The following comments are intended to improve the value of the study to a wider readership.
The authors mention methodological uncertainties throughout the paper but this reviewer didn’t see any summation of these uncertainties reported alongside the surface SO2 concentration estimates. This kind of information would help any potential user to assess the usefulness of the reported data. This reviewer recommends that the authors explicitly state the origin and magnitude of each source of uncertainty. For example, using one year of model output to interpret multiple years of satellite data introduces an uncertainty that the authors have reported.
Line 127: increasing the time steps by 50%. Please assure this reader that this adjustment does not violate the CFL condition.

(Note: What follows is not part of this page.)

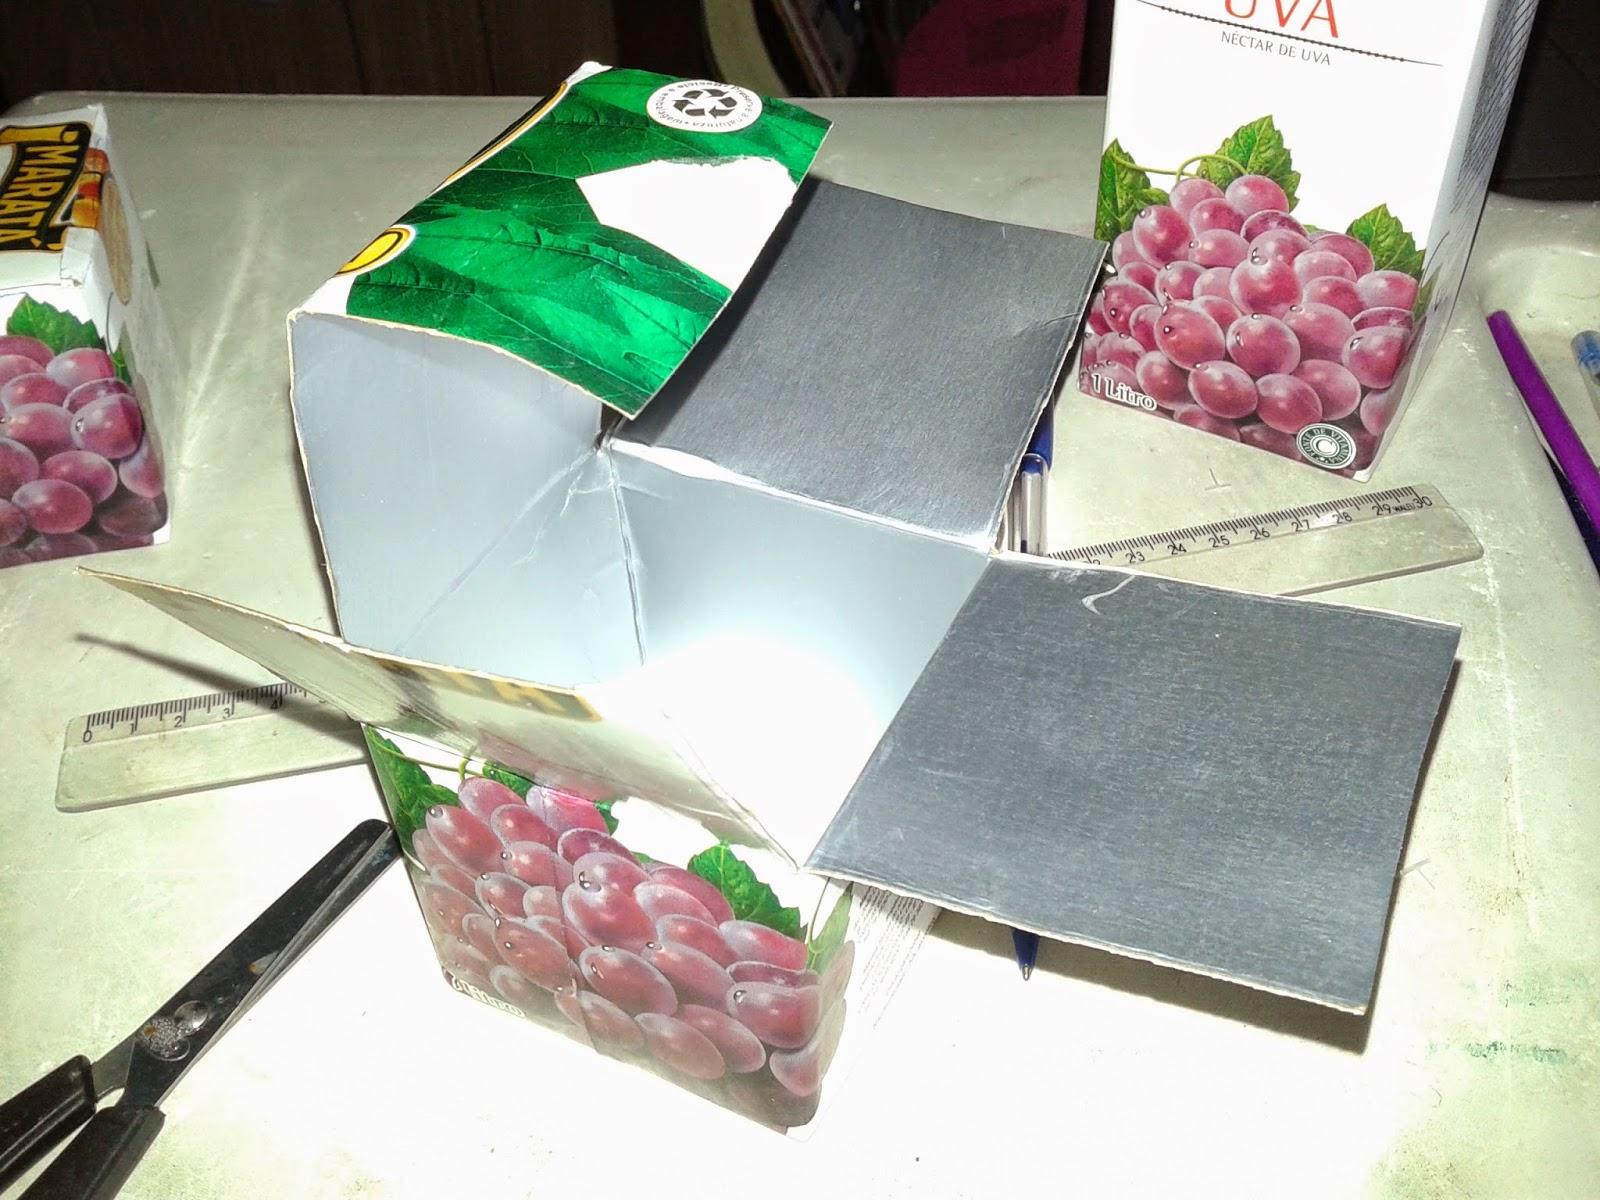 Jogo Pedagógico Cubo Silábico feito com caixas de suco: Reciclagem

In the description of the GEOS-Chem technique, this reviewer was curious about SO2 retrievals with little or no sensitivity to the surface, perhaps due to elevated aerosols over industrialised regions. In those cases, perhaps the retrievals are removed from further analysis but the authors might also be misallocating an SO2 column with elevated values in the free troposphere to changes in the surface. This might help to explain the results shown in Figure 3. This reviewer is also wondering whether it might also explain why boundary layer height is the single most important predictor for the machine learning model (Figure 5). At least some discussion is needed about this point.

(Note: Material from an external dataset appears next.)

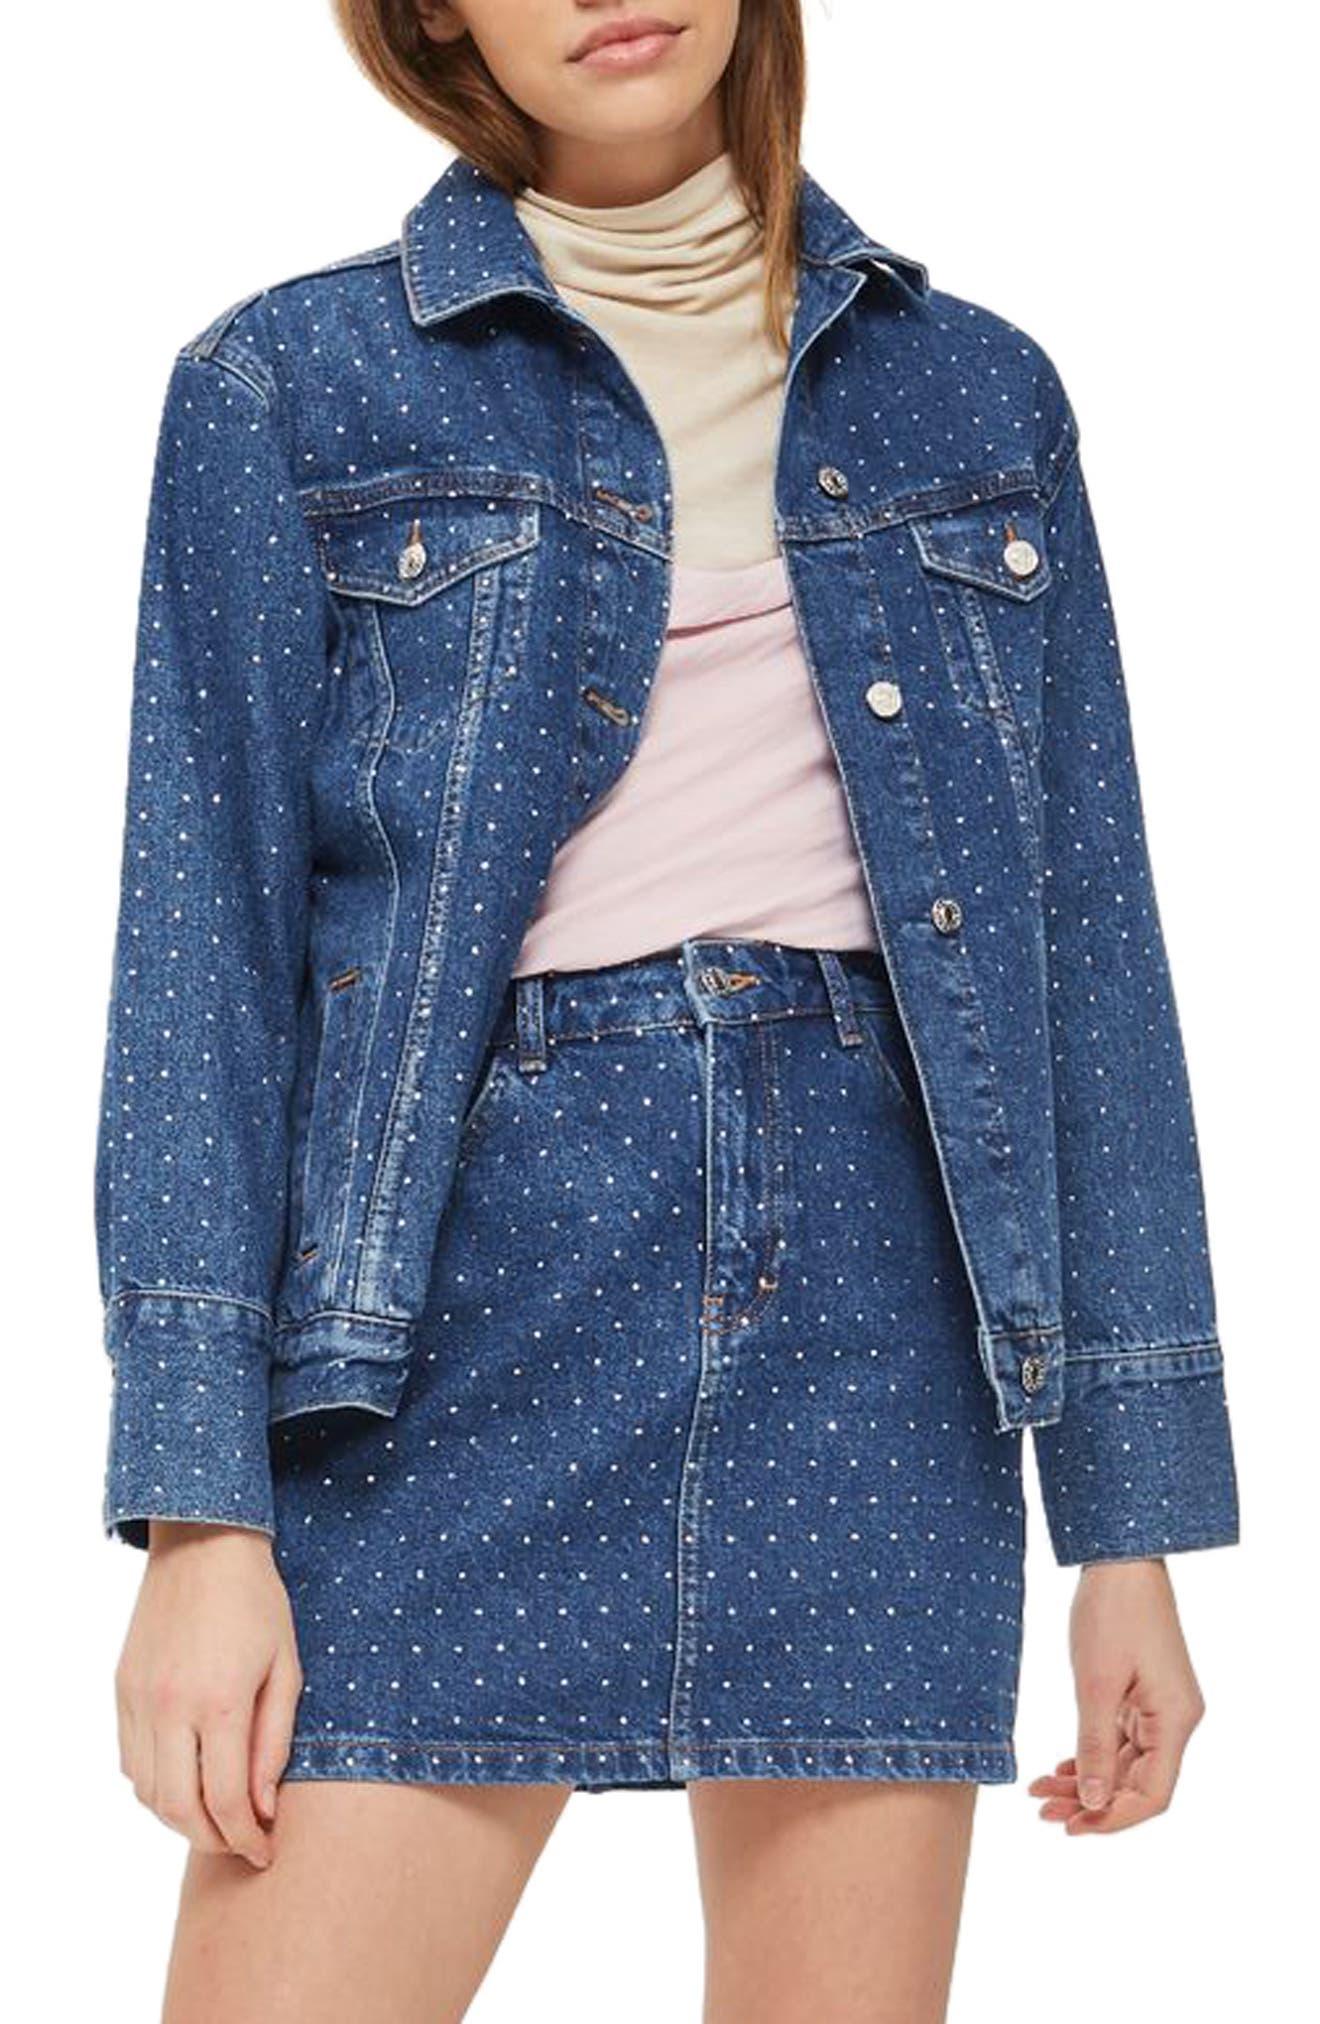 Alternate Image 1 Selected - Topshop Crystal Studded Denim Jacket

Line 140: Explain to the reader why 40 km was chosen? Do alternative values significantly change the results?
Line 174: Is it normal practice to use so much data for training? Later in this paragraph the authors mention the resulting machine learning model overfitting the data. Have the authors considered using fewer data to train and more data to test the resulting model?

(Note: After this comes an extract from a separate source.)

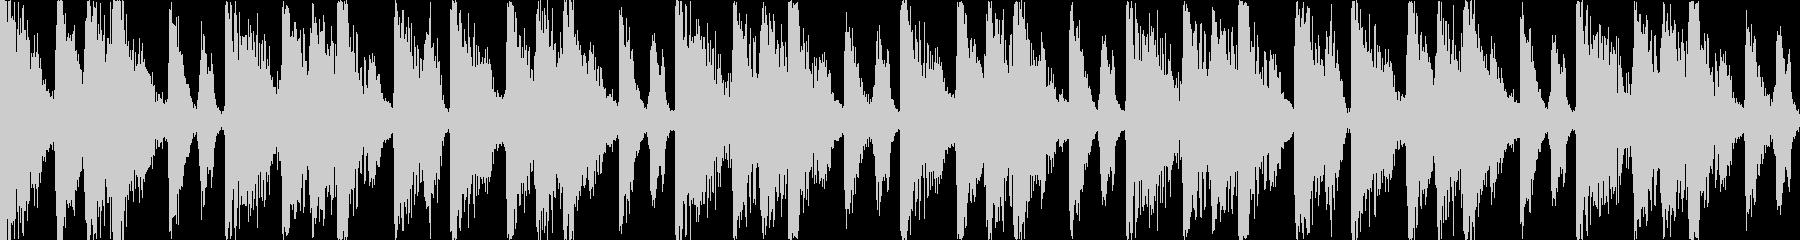 【ループB】ファンキーなブレイクビーツの未再生の波形

Line 420: This reviewer may have missed this point in the manuscript, but I didn’t see any evidence that the GEOS-Chem approach reproduced temporal distribution observed by the CNEMC in situ data. Figure 7 shows a muted seasonal cycle with a correlation coefficient of typically less than 0.4 so the model only captures at most 20% of the observed variation.
Minor points
Line 108: regridding does not result in good data quality.
Line 120: The current version of GEOS-Chem bears little resemblance to the model described by Bey et al, 2001. Strongly suggest using a more updated reference.
Line 125: When stating horizontal resolution, this reviewer suggests you label which of the values represents latitude and longitude.
Line 136: difference in (horizontal) resolution…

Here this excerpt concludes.